Six things coaching Pre-K soccer taught me about public speaking

With the end of winter comes the arrival of spring soccer. Last fall, I coached 25 Pre-K soccer players and it was a challenging and yet rewarding experience. Surprisingly, there are multiple parallels between the lessons I learned in coaching and the strategies I use in public speaking. In this post, I will summarize six key learnings that apply equally to both activities. Hopefully you will appreciate these real world learnings and get a chuckle along the way.

1. Be prepared
It is hard not to be a little flustered when there are flocks of 4-year-olds swirling around you in concentric circles with soccer balls. It is barely organized chaos, but having a formal plan can significantly help. When things go downhill, as they inevitably do, having a practice outline can make the difference between success and failure and will help you stay on track and focus on achieving your objectives whether playing Sharks and Minnows or speaking to a CIO. From a presentation standpoint this means you should have a clear vision of what you are presenting and the key audience takeaways.

2. Know your audience
As you can imagine, Pre-K soccer players are usually interested in immediate gratification and fun activities. Thus, trying to lecture them on complex subjects like the relative merits of the 4-3-3 vs 4-5-2 soccer formation is entirely pointless and will result in extreme chaos, boredom and in some cases, even tears. Remember, many of these kids do not even know the basics and so why bother with anything other than simple games that teach them how to shoot, dribble and have fun? The same challenges apply to public speaking. You must know who you are speaking to and what their interest and knowledge is. There is no faster way to lose an audience then by delivering content that is not appropriate for their interest or knowledge level. While a misaligned presentation won’t result in tears (although there have been presentations where I felt like crying out of boredom!), the analogue for public speaking is mobile phones. If you see the majority of your audience fiddling with their phones, you have lost them.

3. Be yourself
4-year olds can sense when people are uncomfortable or acting unnaturally and they will respond in unusual and typically challenging ways. As a coach, it is critical to be yourself. Your players will recognize the honesty and it will provide a better experience both for you and your team. The parallel to public speaking is obvious. A critical part of presenting is building a rapport with the audience. If you present in a way that is unnatural or exudes discomfort, your listeners will sense this and the impact of your presentation will be significantly diminished.

4. Keep it moving
Let’s face it, 4-year olds have short attention spans. They start enjoying an activity and then rapidly get bored and want to do something else. This is natural and explains why practice plans must include multiple different game options. Thus as your players get bored, you can instantly switch to an alternative activity. The same strategy works for public speaking. Audiences are often stuck in their seats for extended periods of time and can rapidly get bored with similar content and presentations. A presenter must be prepared and create presentations that move rapidly and include a range of different content to keep the audience interested and involved. This rule is familiar to anyone who has sat through long text heavy presentations that were boring and uninteresting. Also keep in mind that incorporating a range of content including images, animations and videos can really help here as well.
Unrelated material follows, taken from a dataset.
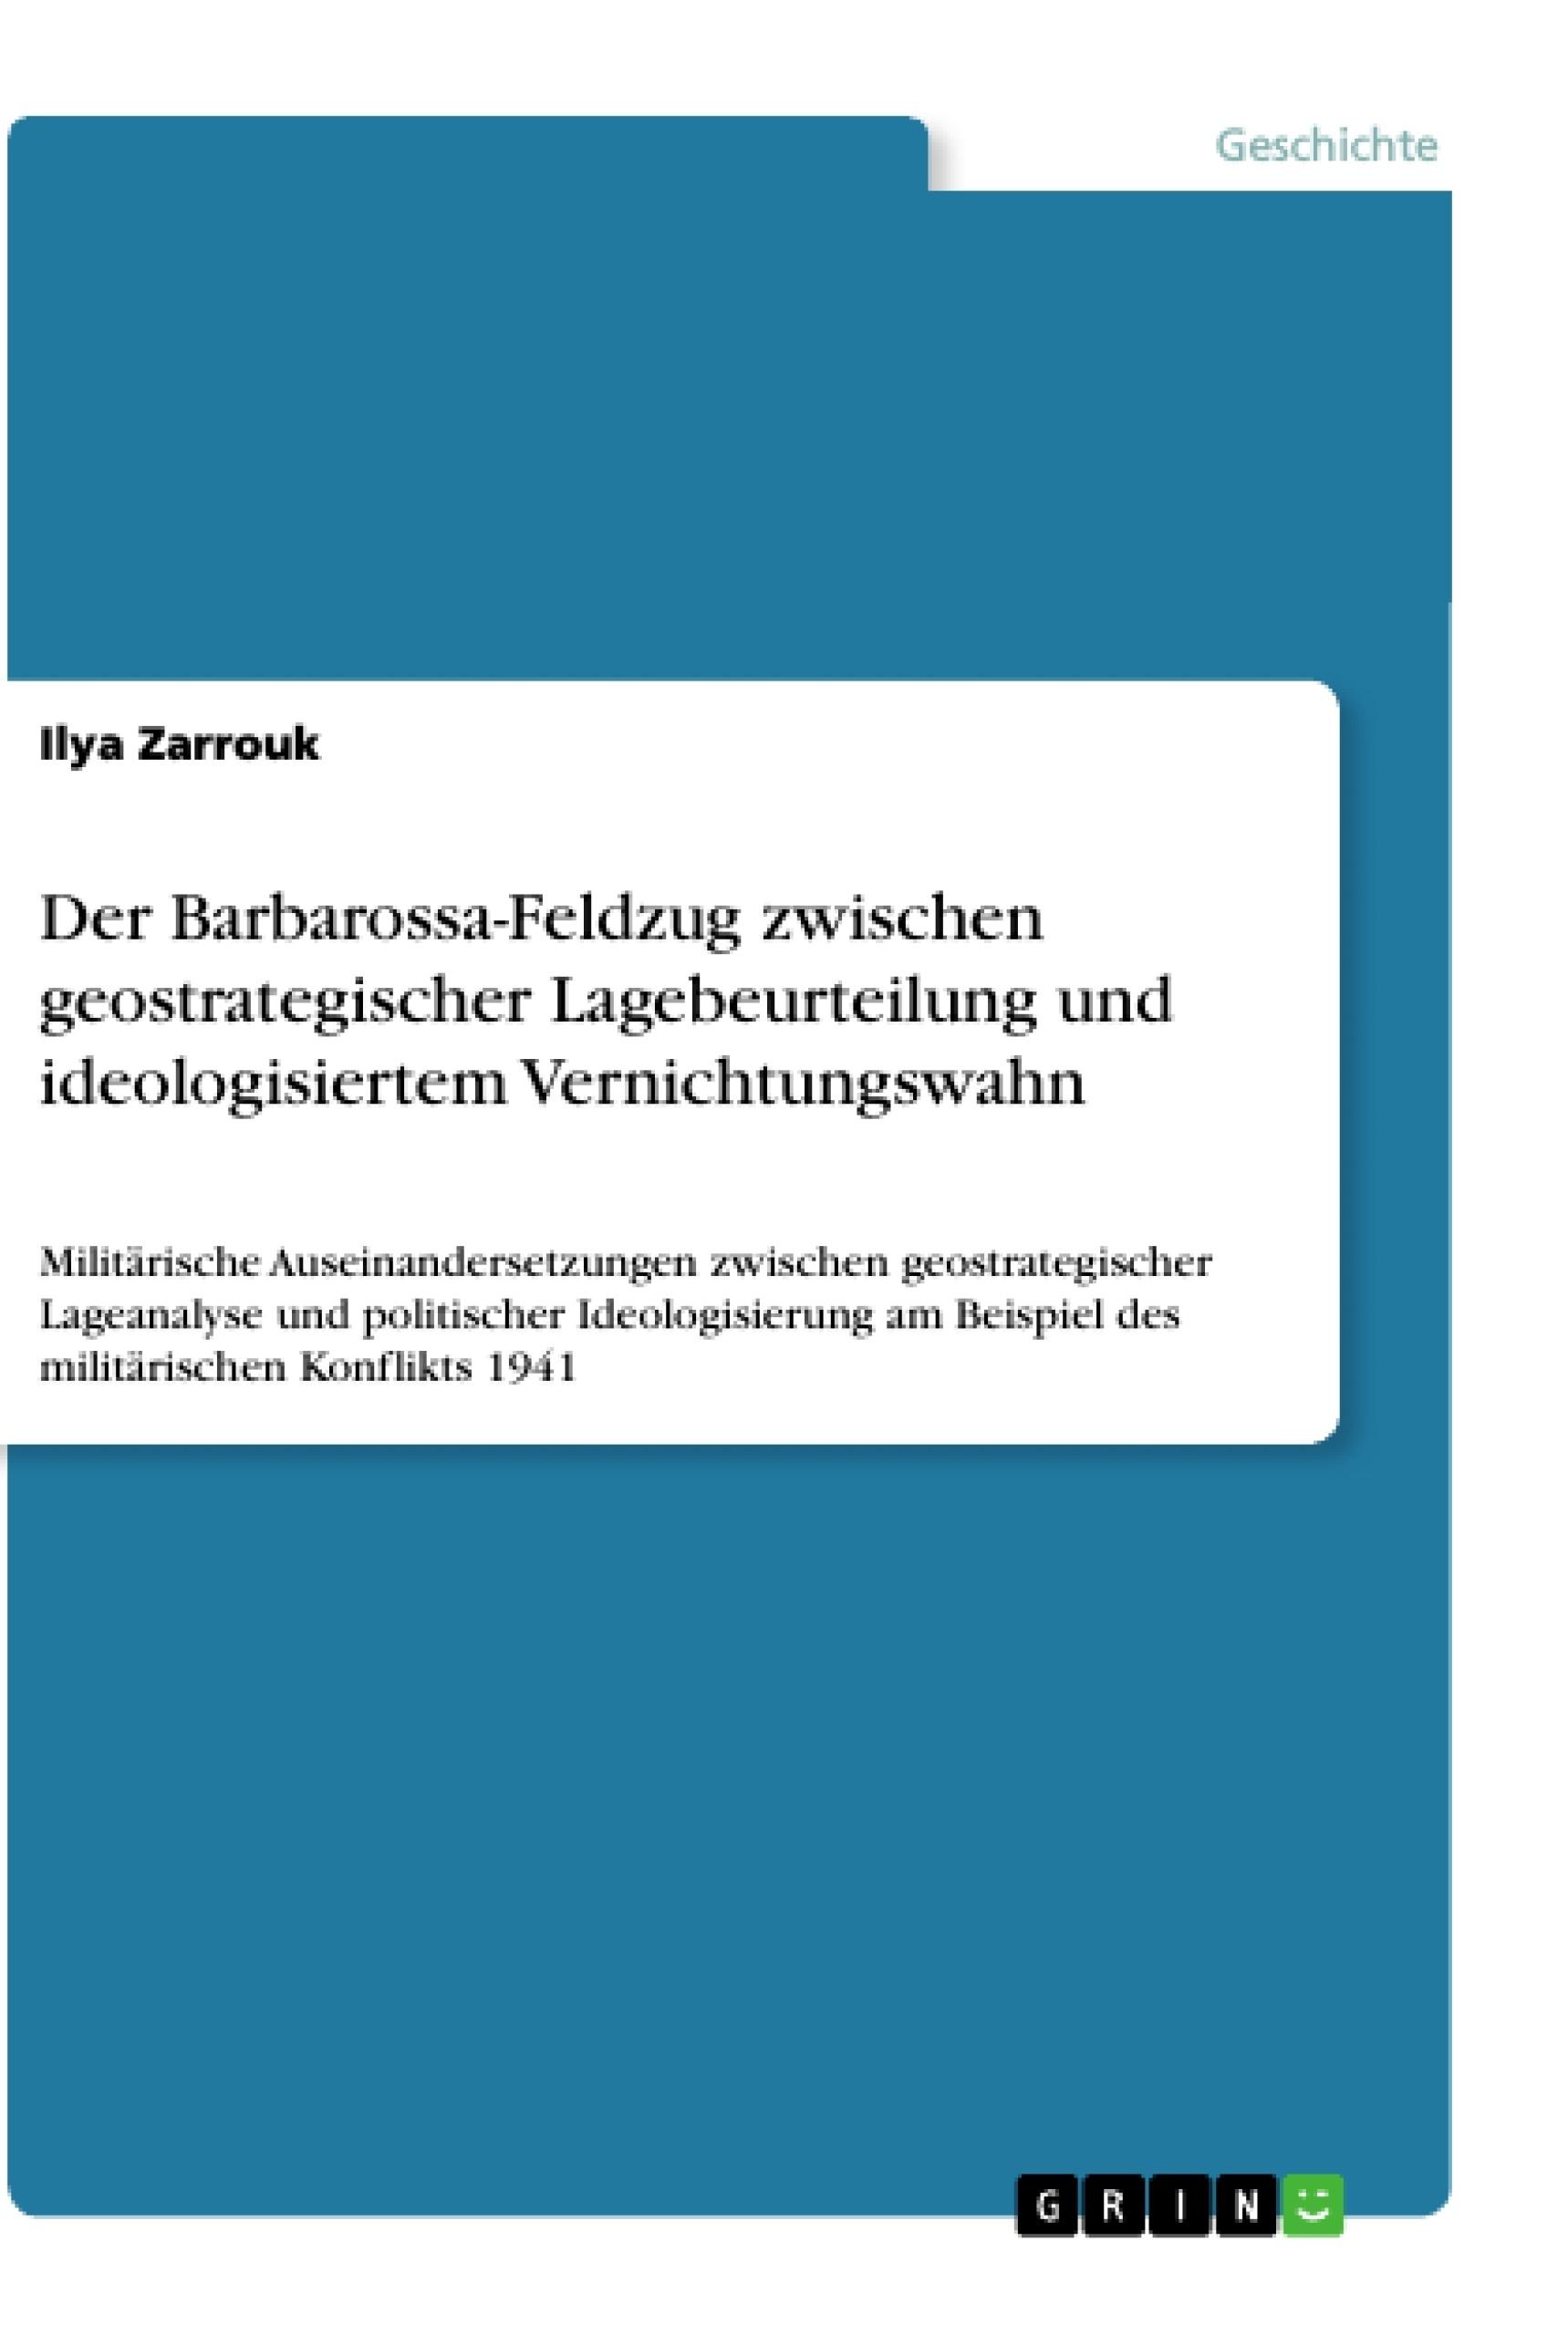 Titel: Der Barbarossa-Feldzug zwischen geostrategischer Lagebeurteilung und ideologisiertem Vernichtungswahn

5. Don’t be afraid to change strategies
4 year olds are extremely active and enthusiastic about things they like. Unfortunately, they are often even more vocal about things that they don’t. As a coach your job is to ensure that practice centers around your team’s likes. The challenge is that you never know what activities are liked or disliked because the cateogization can change by the week, hour or even the minute! You need to watch your players and know when it is time to change the strategy based off of their level of enthusiasm and engagement. The problem is similar when speaking in front of audiences. You will have specific content to cover, but as you progress you must gauge your audience’s involvement. Simple things like looking at cellphones, reading documents or even sleeping are signs that you need to change your strategy! If this occurs you need to be flexible and willing to modify your presentation and/or delivery to recapture the audience’s attention and interest.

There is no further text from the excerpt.